4 Center Place, Dundalk, MD 21222       410.284.2331

DUNDALK-pATAPSCO nECK

HISTORICAL SOCIETY & MUSEUM, Inc.

Carnegie Plat

Carnegie Plat retains much of the historical footprint of Dundalk. Colgate Creek, just on the other side of the adjacent Dundalk Marine Terminal, was the site of one of the first homes in Dundalk.

Henry McShane’s bell foundry in Baltimore, built in 1856, had become world famous. The foundry’s church bells rang out across nearly every state and across the world. When part of the foundry burned in 1893, McShane decided to relocate in a wilderness area off the Patapsco River. He built his foundry, along with a grand summer vacation home, near Carnegie Plat, on what is now the site of American Legion Post 38.

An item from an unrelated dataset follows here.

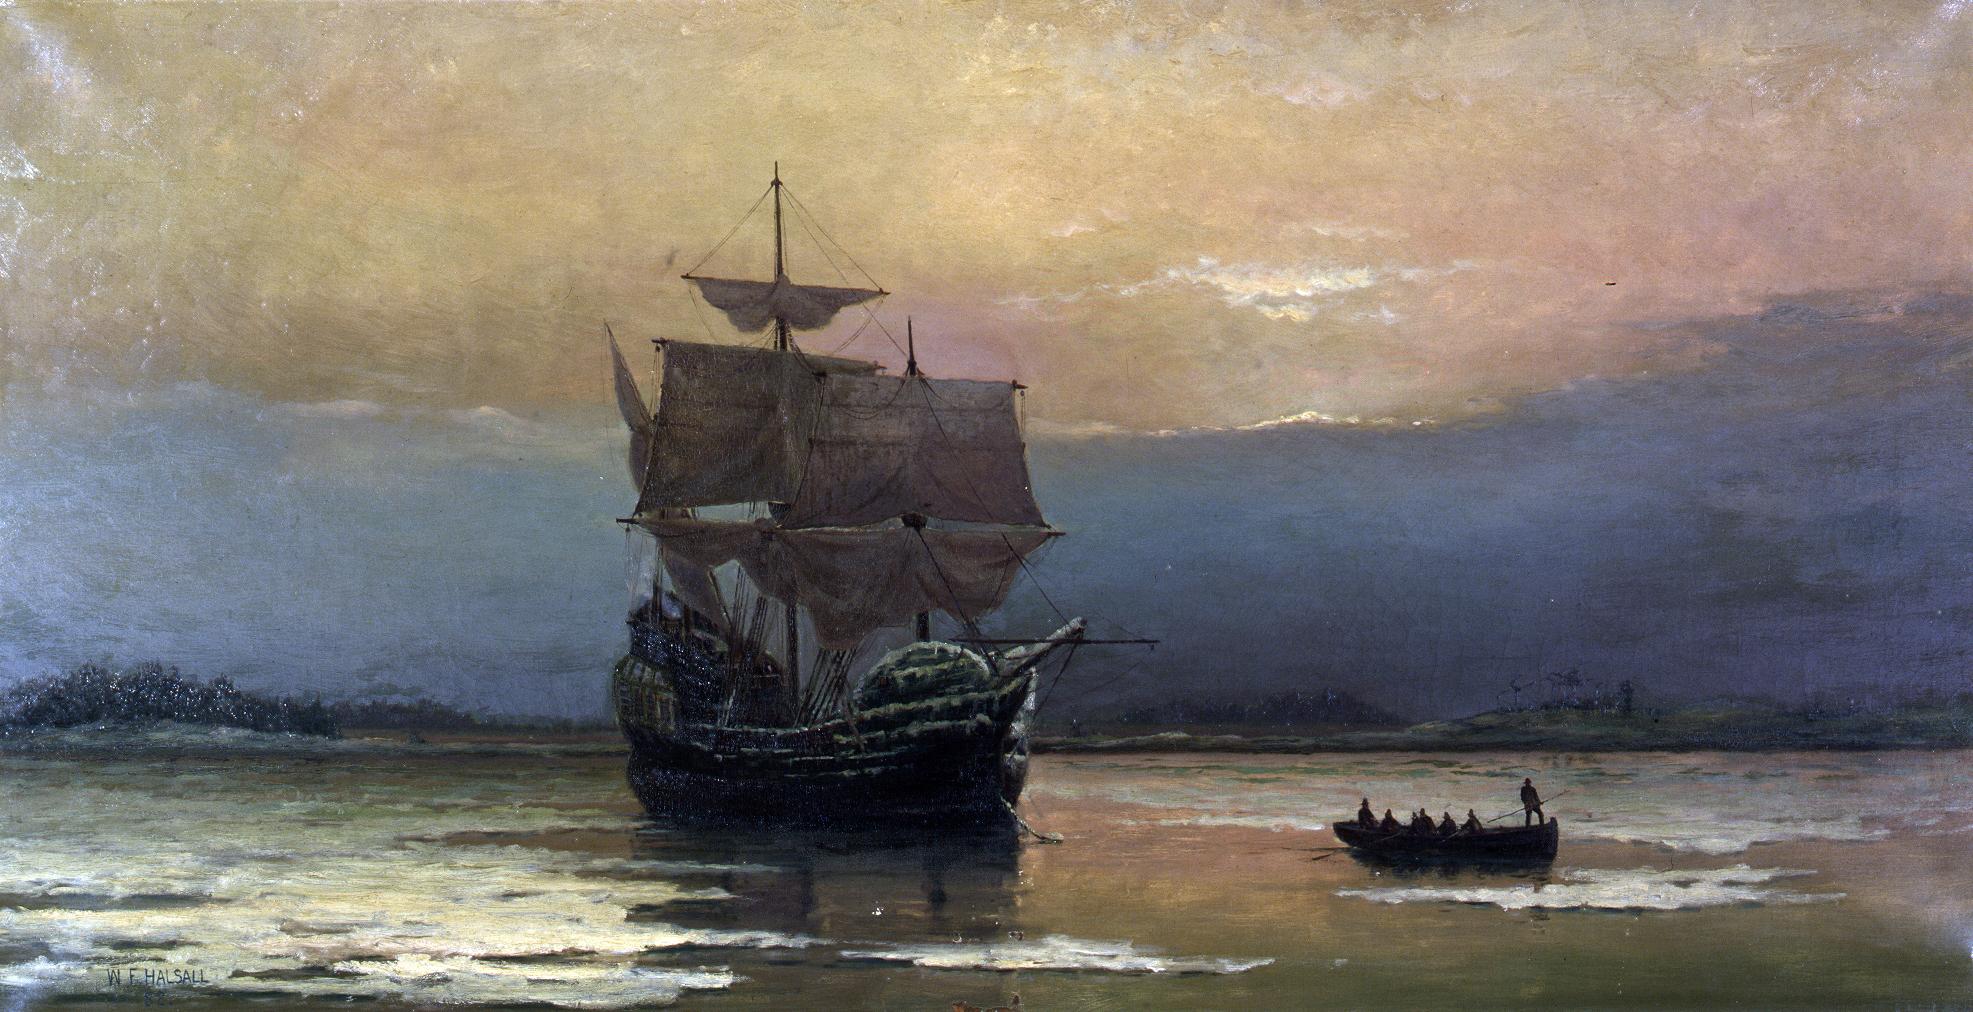 Mayflower_in_Plymouth_Harbor,_by_William_Halsall.jpg
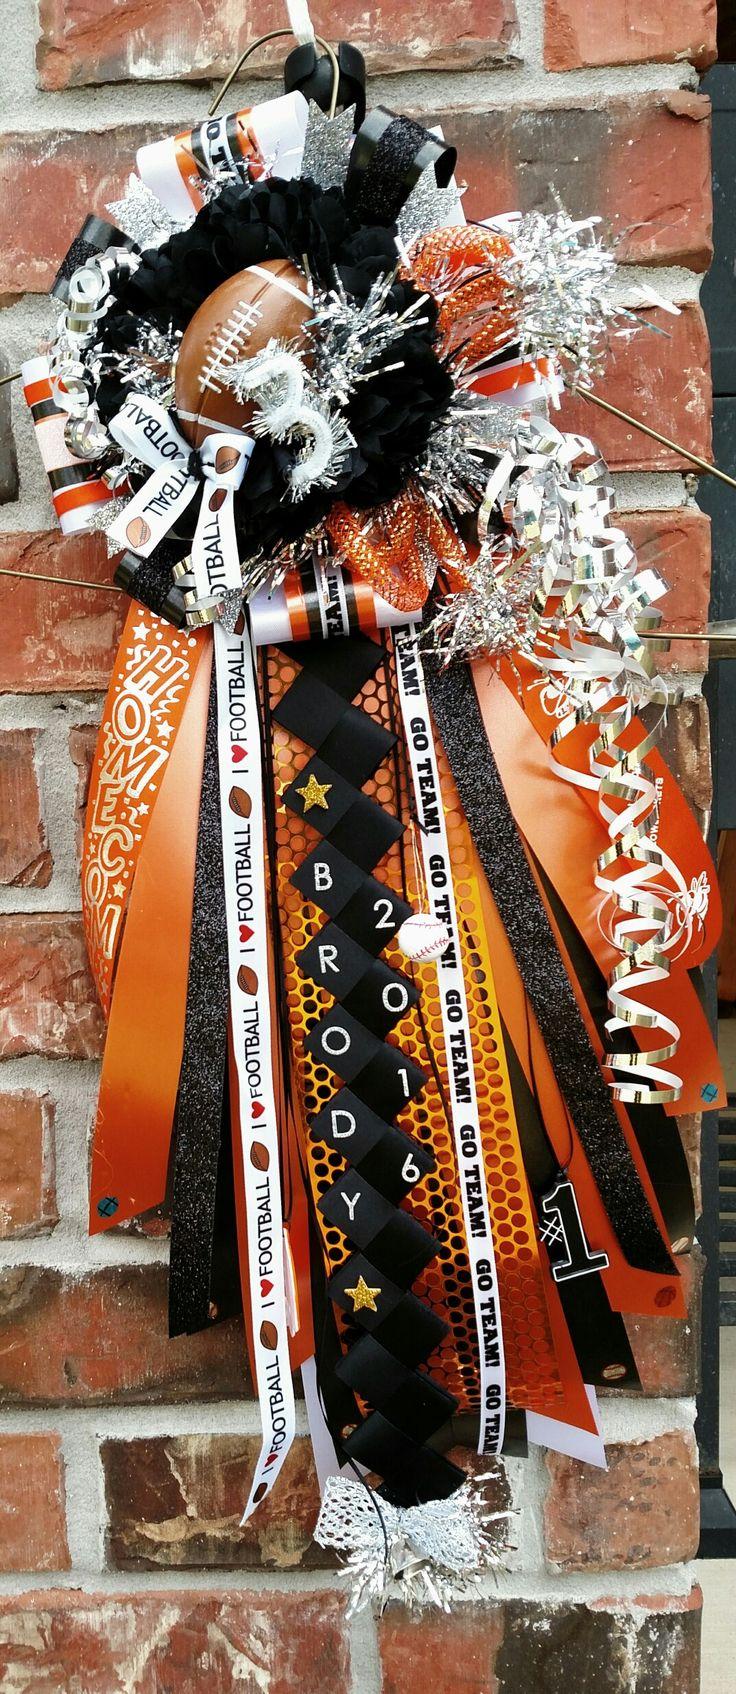 Boys Garter homecoming mum. Orange black white and silver homecoming mum. Designed by Crafty bug

The railroad line followed the foundry to the area in 1895, and officials told the McShanes that they must choose a name for the railroad stop. William James McShane, Henry’s son and the vice-president of the foundry, wrote Dundalk, the name of his father’s hometown in Ireland, on a board and nailed it to a tree near the railroad. The town, with only a few farming families to claim as residents, was born.

What is now the Dundalk Marine Terminal has been known by numerous names. In 1929 Baltimore Municipal Airport was built on the manmade peninsula next to Carnegie Plat, and Pan American Airlines made the location a seaplane facility, used until 1941, when the U.S. Army took over operations and re-named it Baltimore Army Airfield for the duration of WWII. Winston Churchill flew out of the field following secret meetings with Franklin Roosevelt, while other famous aviators used the site regularly.

Following the war, the airfield was named Baltimore Municipal Airport, followed by a re-naming as Harbor Field from 1950-60, when air traffic slowed drastically because the site could not accommodate larger planes.

In 1960 the field closed for good and was re-tooled into a marine terminal, establishing not just Dundalk, but the entire region, as a deep-water port to be contended with on a national scale.

While the area lost its significance for air travel, it has greatly exceeded that value with port operations that will provide for the region long into the future.